Además, el artículo 9 de la Orden establece la obligación de informar a la autoridad competente de cualquier acción inusual de un cliente. A partir de la definición de "acción inusual" de acuerdo con esta sección, es posible obtener más información sobre indicaciones adicionales sobre acciones que pueden afectar la clasificación del cliente y las acciones tomadas con respecto a él. Así, el artículo 9 de la Orden define una acción excepcional como: "Una actividad que, según la información en poder de la sociedad bancaria, ha surgido en su preocupación de que está relacionada con una actividad prohibida por la Ley de Prohibición del Blanqueo de Capitales o la Ley de Prohibición de la Financiación del Terrorismo". Sin perjuicio de lo anterior, se determinó que cualquier actividad especificada en el segundo apéndice de la orden se definirá como actividad excepcional, incluyendo, pero no limitado a: actividad que parece estar dirigida a eludir las obligaciones de identificación; la existencia de un beneficiario en una cuenta que no está declarada o en lugar de una persona que ha sido declarada una actividad terrorista; actividad que parece carecer de lógica comercial o económica, con respecto al tipo de cuenta o la forma de conducta del titular de la cuenta; una serie de transacciones en la cuenta, que incluyen: Sin razón aparente, los fondos y valores se retiran poco después de haber sido depositados, fuera del curso normal de los negocios; Una transferencia de una cantidad importante de Israel al extranjero y viceversa, cuando la otra parte de la transacción, fuente o destino, no esté identificada por su nombre o número de cuenta; Una acción en la cuenta que no es típica del titular de la cuenta o del tipo de cuenta, sin razón aparente; un volumen inusual de transacciones o un cambio significativo en el saldo de la cuenta, sin razón aparente; varias transacciones en la cuenta para el mismo destino o fuente, sin razón aparente; depósitos múltiples, sin razón aparente, por una persona que no sea el titular de la cuenta o el signatario autorizado; la falta de conexión entre el prestatario y la garantía que ha aportado a cambio de un crédito de alcance sustancial; Y así sucesivamente.
- Presentación de informes – Además de monitorear a sus clientes, así como un mayor monitoreo en vista del riesgo inherente del cliente o el riesgo derivado de sus actividades como se detalla anteriormente, las disposiciones de la ley y el procedimiento imponen a la corporación bancaria el deber de informar a las autoridades competentes cualquier actividad inusual de sus clientes.

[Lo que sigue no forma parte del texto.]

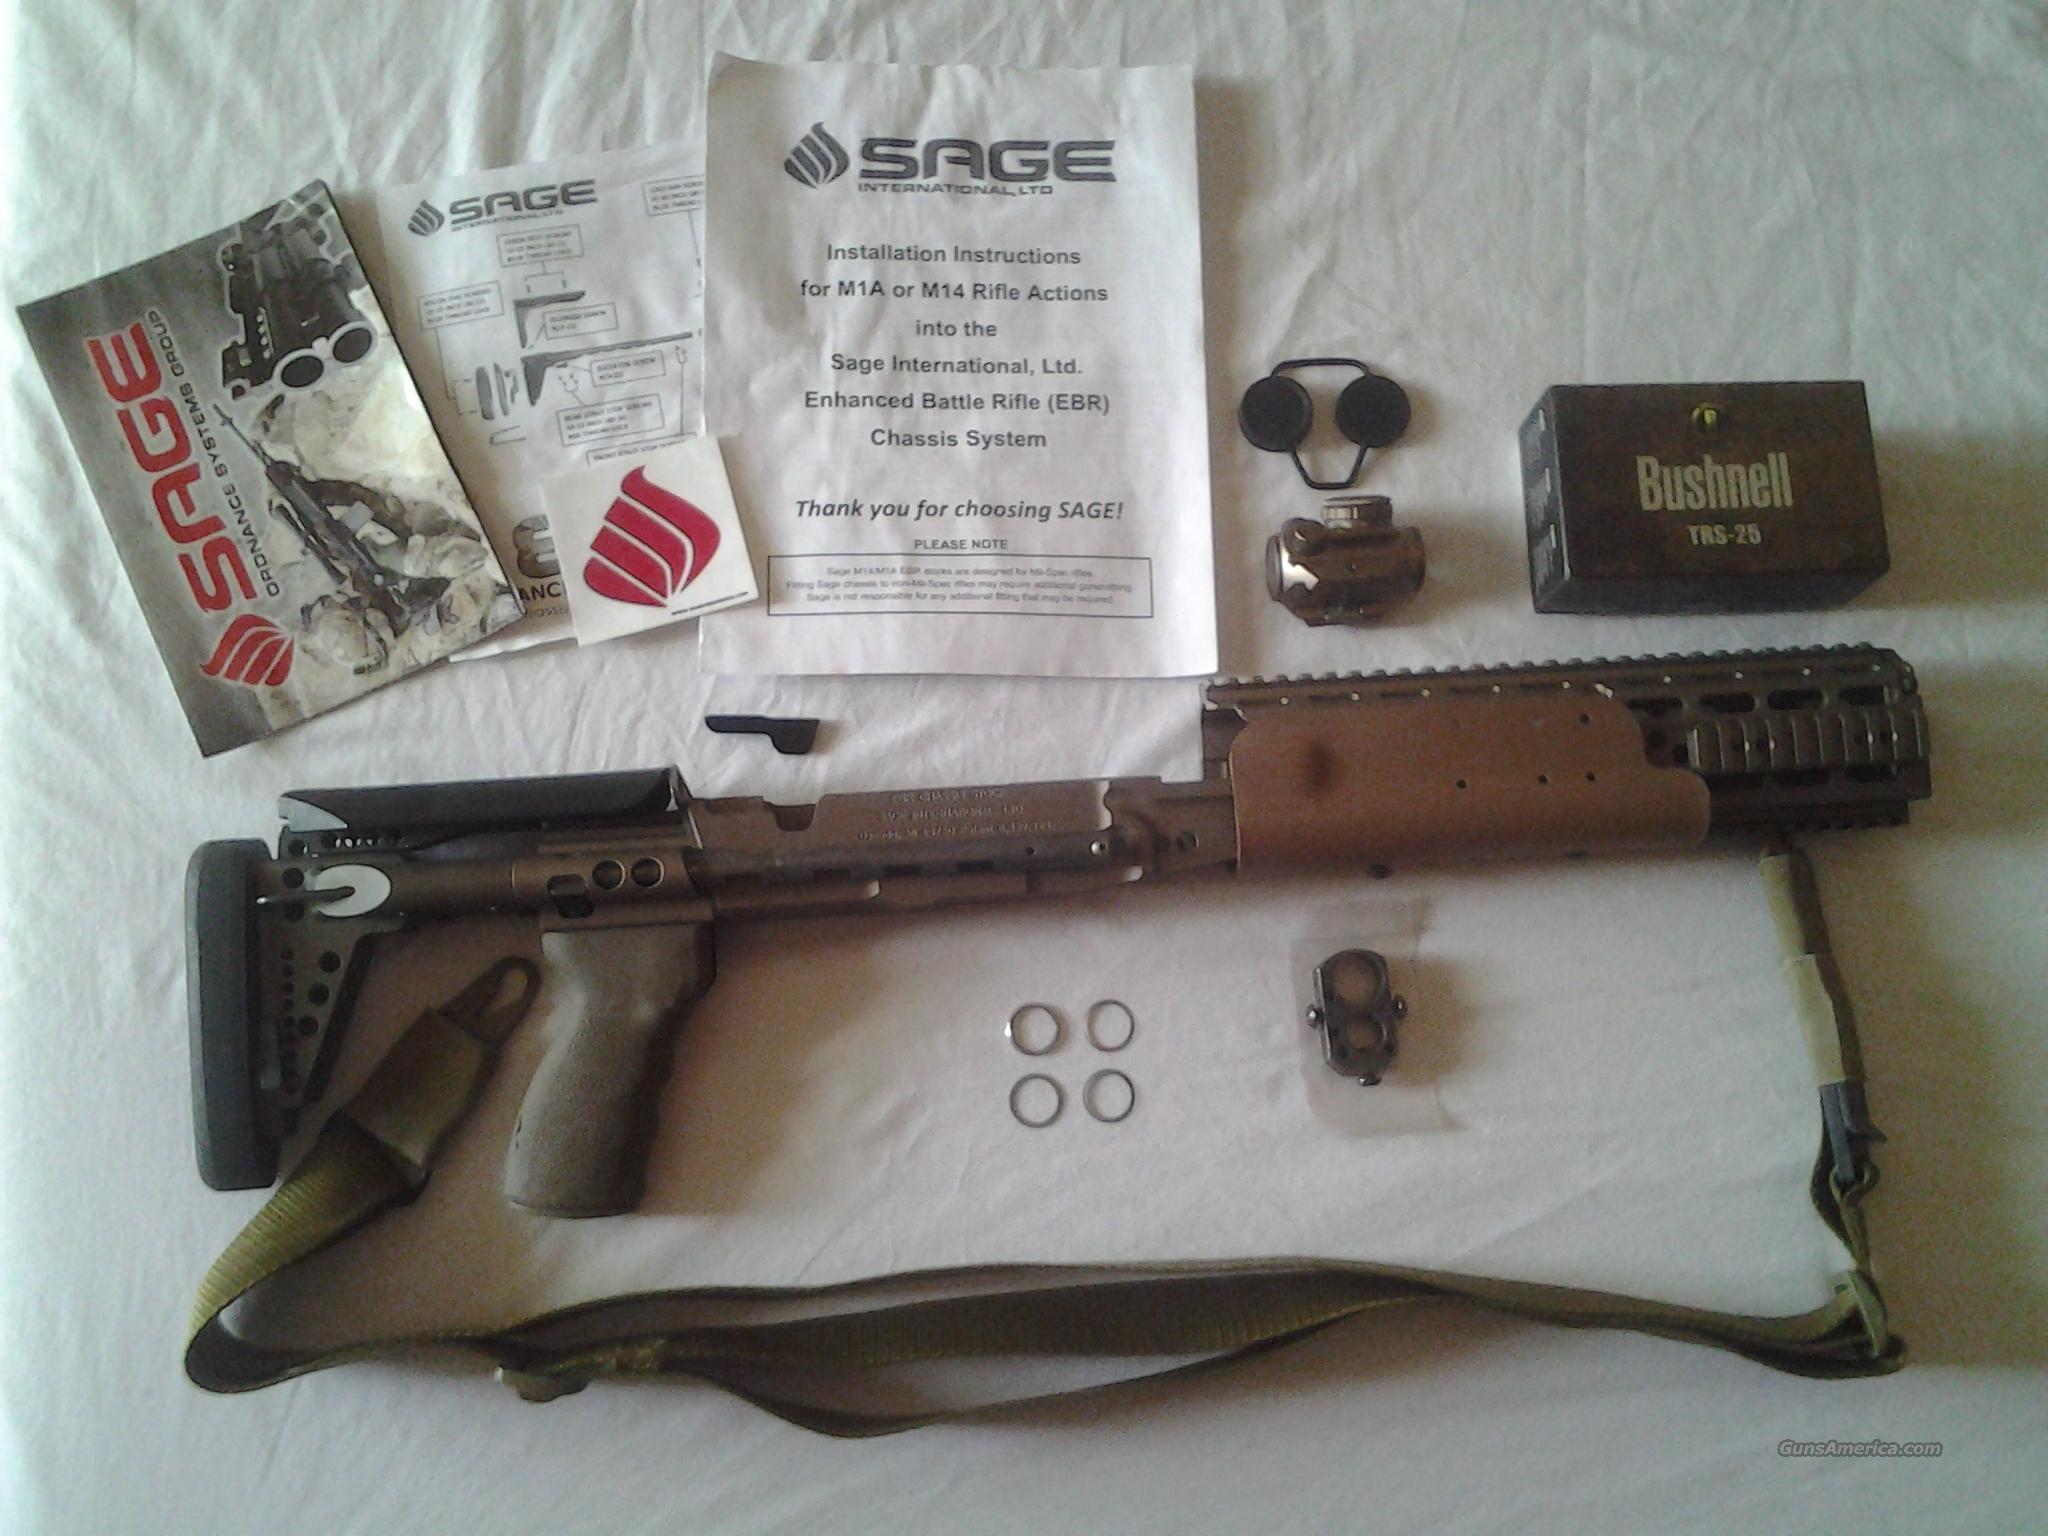 Sage EBR for M14/M1A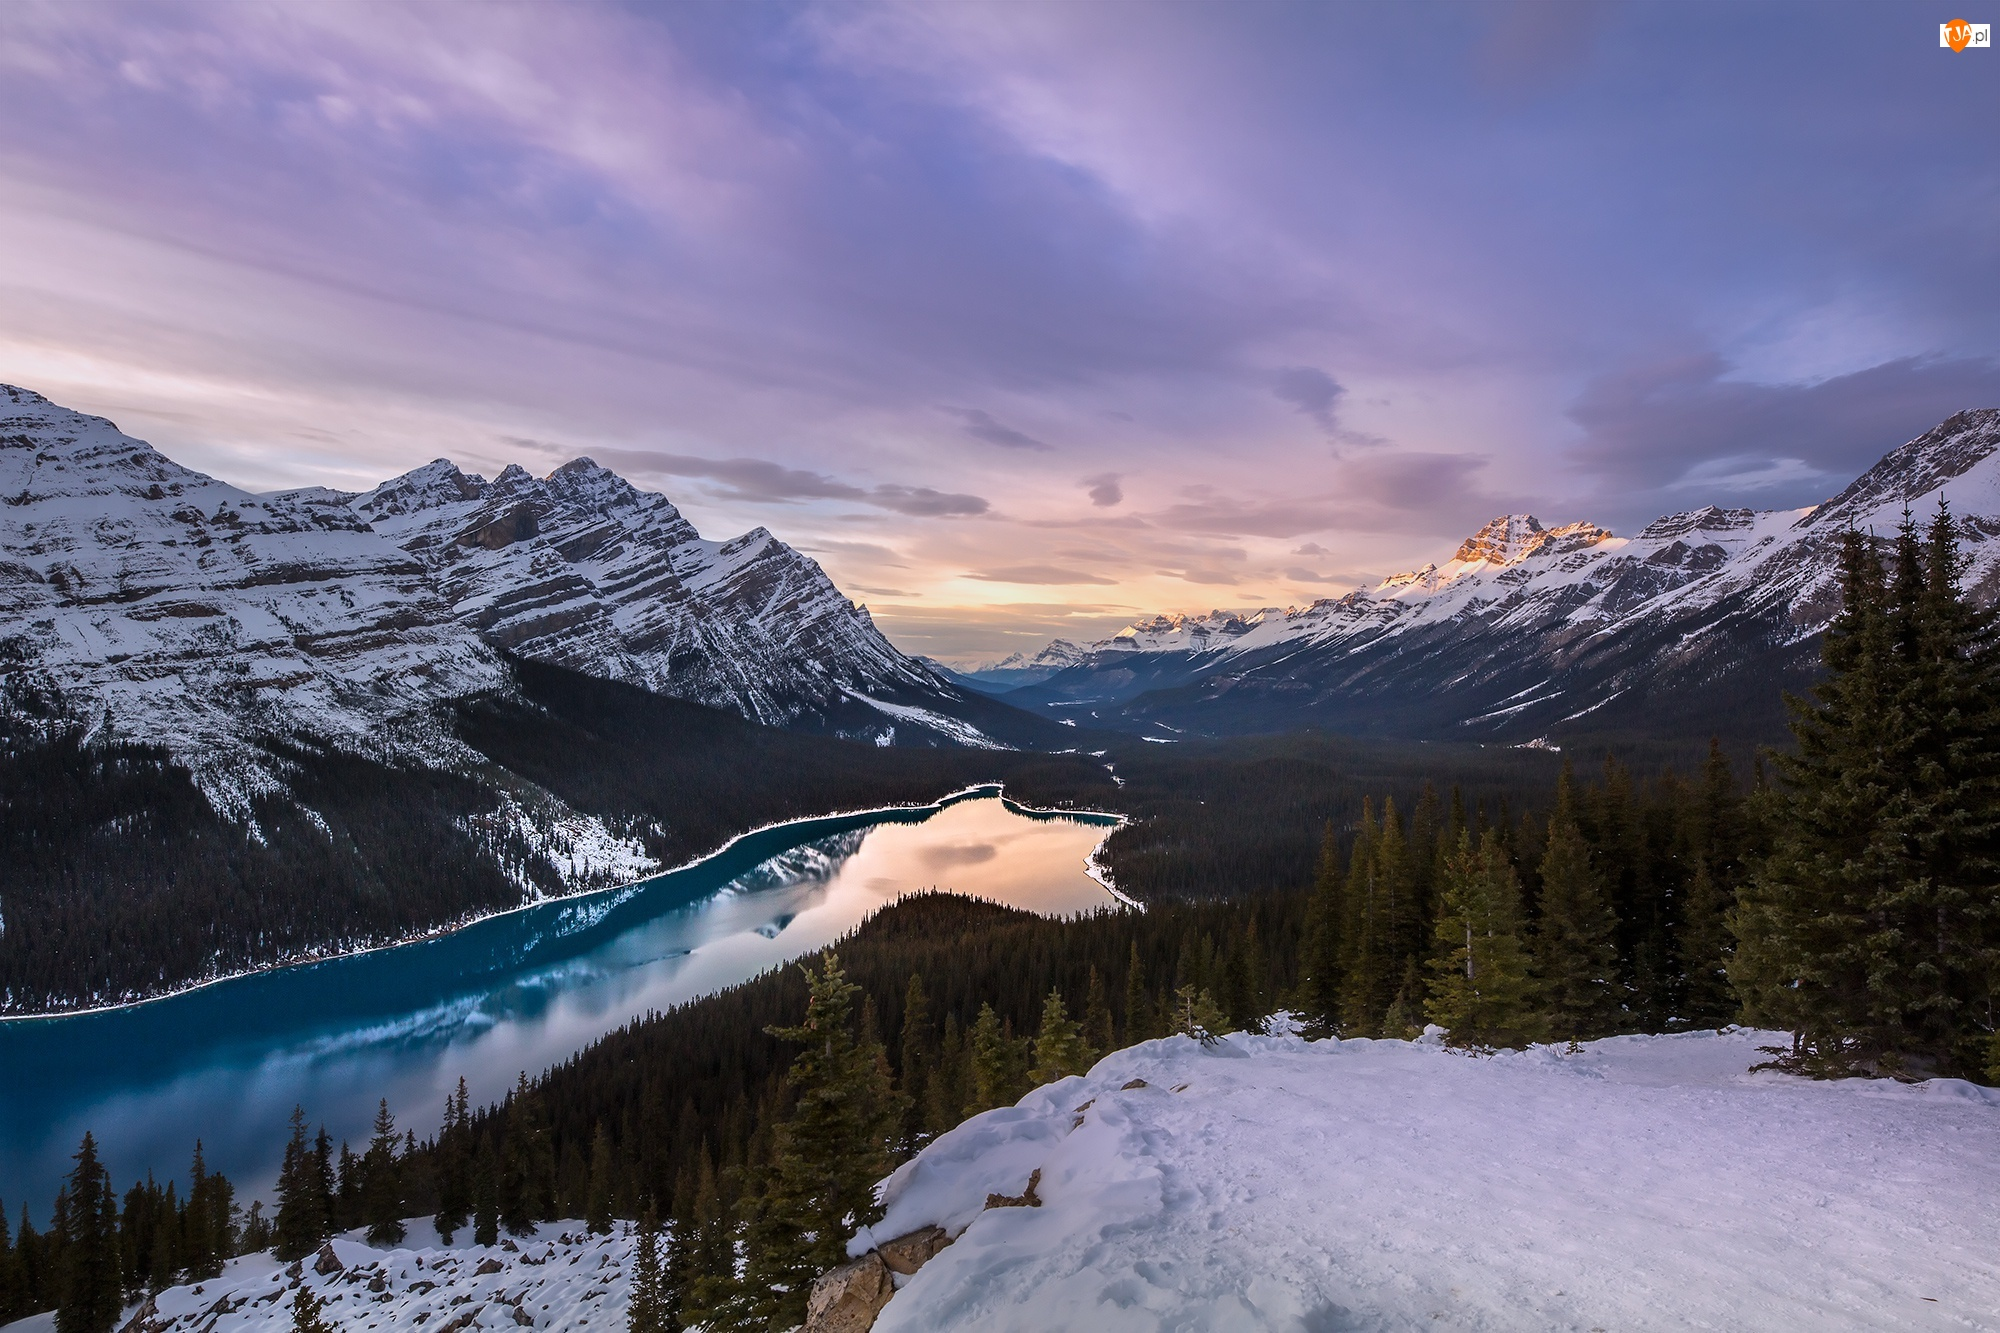 Park Narodowy Banff, Kanada, Góry Canadian Rockies, Zima, Jezioro Peyto Lake, Lasy

La obligación de informar se estableció en el marco del artículo 7de la Ley de Prohibición del Blanqueo de Capitales y se detalló, de conformidad con la autoridad establecida en la ley, en el marco de la Orden. Así, el artículo 8 de la orden impone al banco la obligación de informar a la autoridad competente por diversas transacciones realizadas en la cuenta del cliente, incluida la obligación de informar de cualquier transacción de depósito o retiro de efectivo por un importe igual o superior a 50.000 ILS [artículo 8, letra a), apartado 1, de la orden]. Además, el artículo 9 de la orden estipula el deber de informar sobre la actividad inusual del destinatario del servicio, de conformidad con la definición de "actividad inusual" que se detalla en el artículo 22 supra de la sentencia.
- Restricción o prohibición de realizar acciones y cerrar la cuenta – Al respecto, la sección 24 del Procedimiento 411 establece que:
"El hecho de que el cliente no proporcione los detalles necesarios para cumplir con las disposiciones de la Orden, esta disposición y los procedimientos de la corporación bancaria determinados en virtud de la misma, así como una base razonable para suponer que una acción relacionada con el lavado de activos o el financiamiento del terrorismo, o la implementación de la política de la corporación bancaria, como se establece en la sección 41, se considerará como una razón para una negativa razonable a abrir y administrar una cuenta y a prestar servicios a la persona que realiza una operación que no está registrada como titular o signatario autorizado en la cuenta a los efectos de la Ley Bancaria (Servicio al Cliente), 5741-1981. En tal caso, la corporación bancaria considerará informar a la autoridad competente de una actividad inusual (de conformidad con la sección 9 de la orden)".